Now the hinges were in place I could address the issue around how to make it easy to open the box. Ideally I wanted the lid to be flush with the front edge, but had left myself the option of having a small lip on the lid over hanging the front - that could run the whole width of the box, or be shaped to provide a handle (in the middle? one on either side?). Design opportunities abound. I find being able to look and feel helps in the design effort at this point and some am happy to experiment to see what works best. 




As it turned out I really wasn't happy with the look of the lid being proud so I planed it to fit flush with the front edge.

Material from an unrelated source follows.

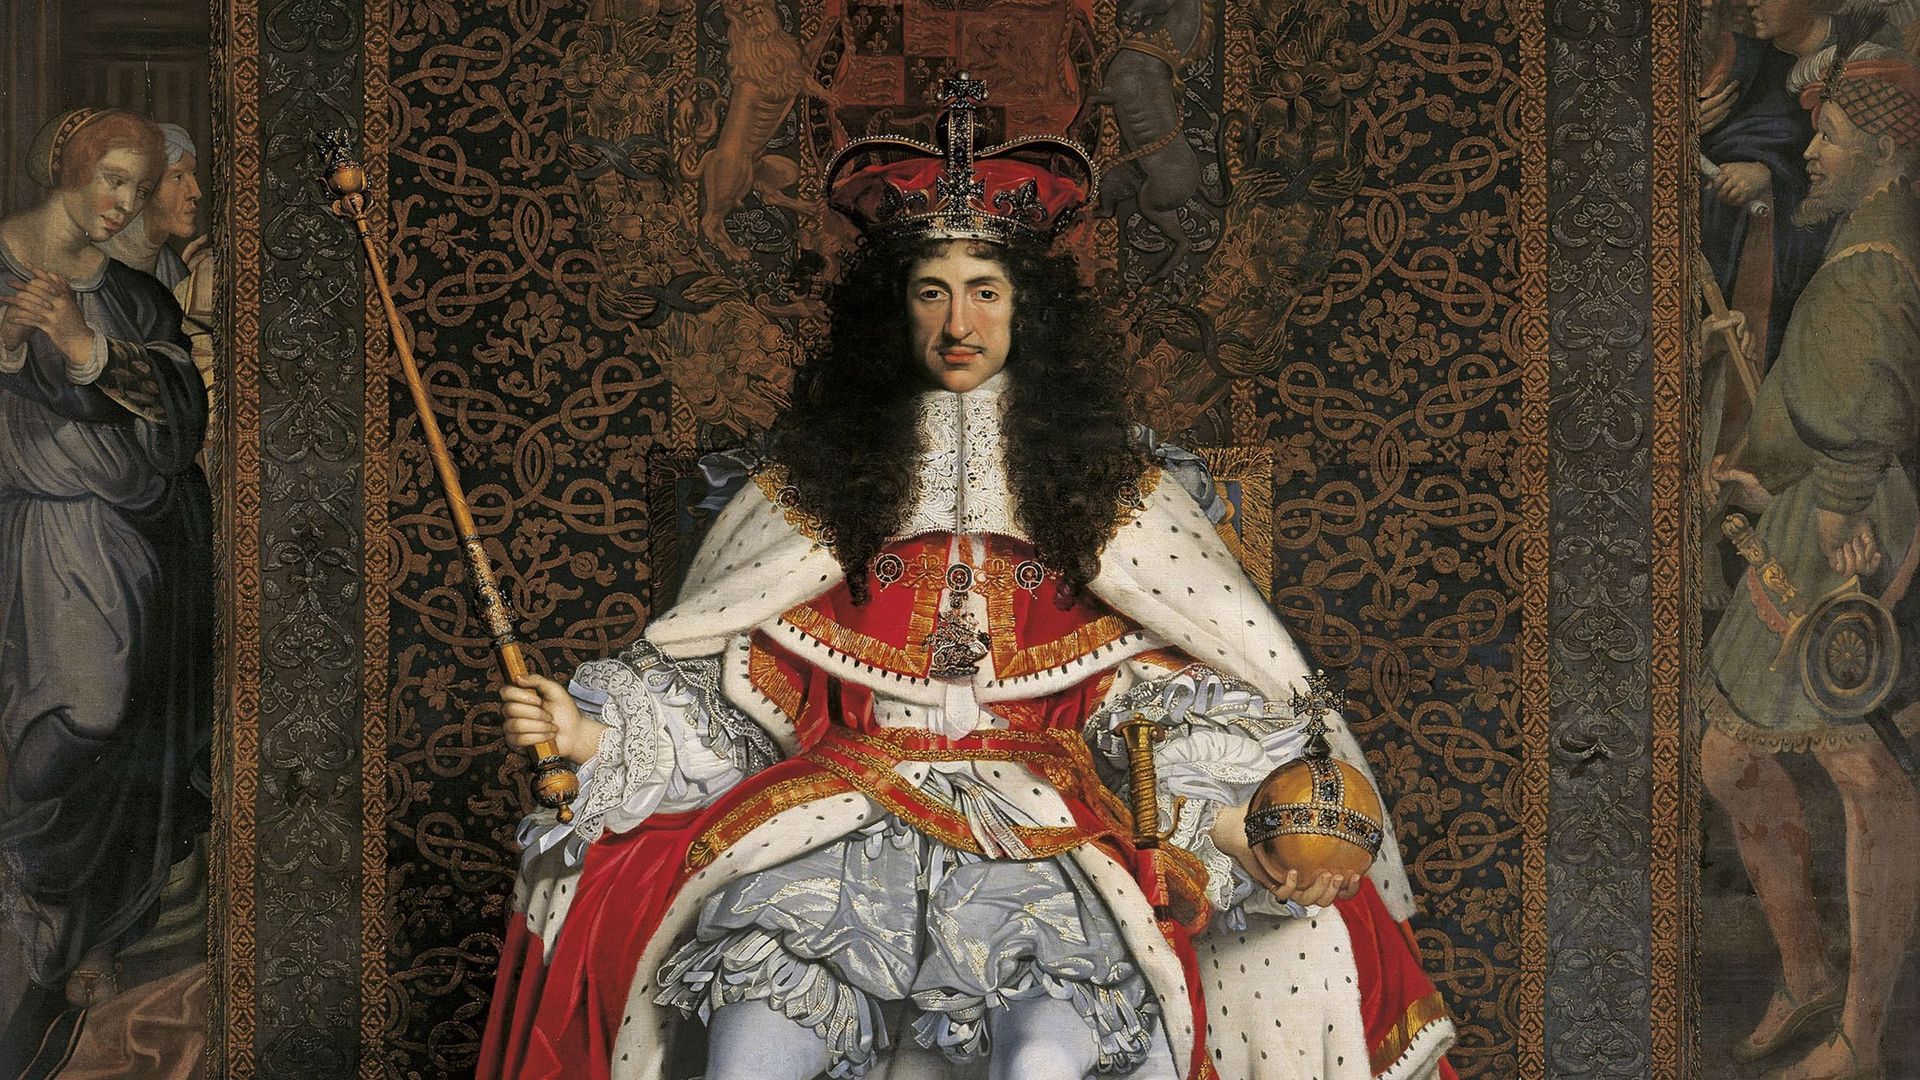 Portrait de Charles II d'Angleterre (1630-1685), vers 1676. Trouvé dans la Collection of Royal Collection, Londres. Artiste Wright, John Michael (1617-1694).

It looked much better, but highlighted the need for a handle as it was tricky to open the lid in it's newly flush state. 
Something in a strongly contrasting colour seemed appropriate so I rummaged in the offcuts bin for a bit of walnut. More resawing required:




and a bit of effort with a sharp No.4








A small prototype made out of an old blind slat gave me a sense of proportion




And some careful marking out for the mortice




followed by even more careful routing on the Woodrat gave me a nicely formed mortice




I hope I am not boring everyone with all this detail, but am never quite sure how much people want in these WIPs. Slightly losing the will to live here though as putting together the WIP seems to be taking as long as making the damned box. I'm gonna take a break having hit my 10 images limit for a single post. Maybe more later!


----------



## Racers (13 Jun 2017)

Here's one of mine, similar to yours.





Pete


----------



## Paul200 (13 Jun 2017)

Bored?! I'm savouring every word and picture. This is exactly the sort of work I would be doing if I had a workshop, which I am currently building but will be a few months before it's up and running. I'm completely in my element making small boxes and missing it like mad since we moved up here to Scotland 2 years ago. So your posts are a kind of surrogate for me, although I'm not sure I could emulate your fine workmanship. And yes, I've made exactly the same mistake myself :roll: 

Keep it coming please -I'm loving it!

Paul


----------



## woodbloke65 (13 Jun 2017)

Here's one of mine, also similar to yours. Turkish Walnut, dovetailed, handle carved from the solid on the front rail of the top panel - Rob


----------



## memzey (14 Jun 2017)

That looks beautiful Rob. Where did you get the wood from?


----------



## Racers (14 Jun 2017)

memzey":3e7lwxvr said:


> That looks beautiful Rob. Where did you get the wood from?




Turkey :wink:  

Pete


----------



## sunnybob (14 Jun 2017)

hey, I'm only a mile from turkey. Gotta go get me some of that.


----------



## galleywood (14 Jun 2017)

+1 for wanting all the detail in the build.
Fascinated by the post.


----------



## jkljosh (14 Jun 2017)

Hi Guys and Gals, finishing this WIP will be the end of me!! Busy day today, so I find myself settling down to type way past my bedtime, but if I don't chip away at it, it is just not going to happen. Thanks for all the positive feedback/comments, glad you are enjoying my ramblings. Lovely to see your work Pete/Rob and particularly liked the differing approaches adopted on the handles, as will shortly be revealed mine is another variation on the theme of how to attach a handle to a box lid! I have been watching your workshop build thread with interest Paul, hope you can get back to some smaller scale creativity soonest. I know how much I have missed it in recent years. Any how enough wittering "on with the WIP" I hear you cry.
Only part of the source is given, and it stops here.